It was not always that way. The Derby Dike was imagined and constructed in the 1850s, primarily to keep the river from flooding south through Old Town toward San Diego Bay. This had been the case on innumerable occasions over the millennia. The idea also was to keep the river from silting up San Diego Bay in favor of letting it continue to silt up False Bay, which, after all, was really an estuary.
But the Derby Dike, repeatedly rebuilt and enlarged, only delineated the south bank of the river. It extended from a point near Presidio Hill west to an indefinite point near the present-day location of the sports arena in the Midway District. This was little more than a half-mile, and it came nowhere near the ocean. It was nothing like the system of jetties and channels we know in the 2020s. There was no Ocean Beach Freeway and no Robb Field. Mudflats, sandy islands and deep channels punctuated the spongy geography.

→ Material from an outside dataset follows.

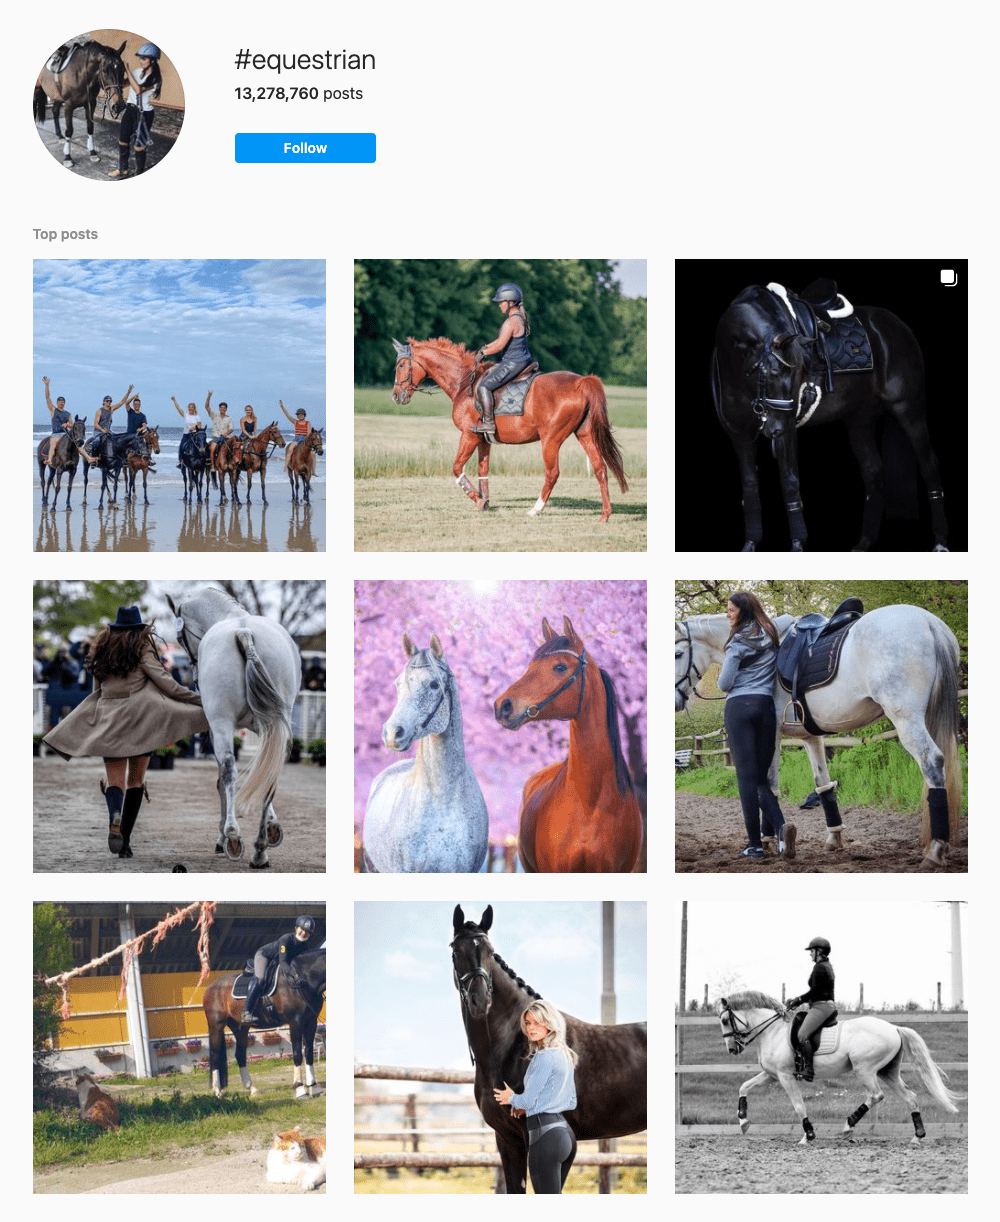 #equestrian Hashtags for Instagram

Some folks on the north side of West Point Loma Boulevard in OB had docks in their backyards. Think about that. Famosa Slough is a remnant of that estuary, and there was frequently water as far south as Voltaire Street in the wide arroyo through Collier Park, now known as Nimitz Boulevard.
San Diego’s wonderful historian Winifred Davidson, profiled in this column recently, painted Duckville as “a community of odd shacks beside wild marshes and along vagrant tideways.”
In “Beach Town,” OB’s Ruth Varney Held recalled Duckville as “partly solid ground, some mudflats, and surrounded by waterways running through the bulrushes. It was a haven for waterfowl and for the men who liked to hunt them.”

In certain circles, Duckville was referred to as “a celebrated suburb of Old Town,” as well as “the chief port on False Bay.”
John Davidson portrayed Duckville as “a little lost city within the borders of San Diego. A community of bachelors where only at rare intervals a woman, a ministering swamp angel, ventured. Not one of its residents went abroad unarmed, though for peace and goodwill, all were somewhat famous.”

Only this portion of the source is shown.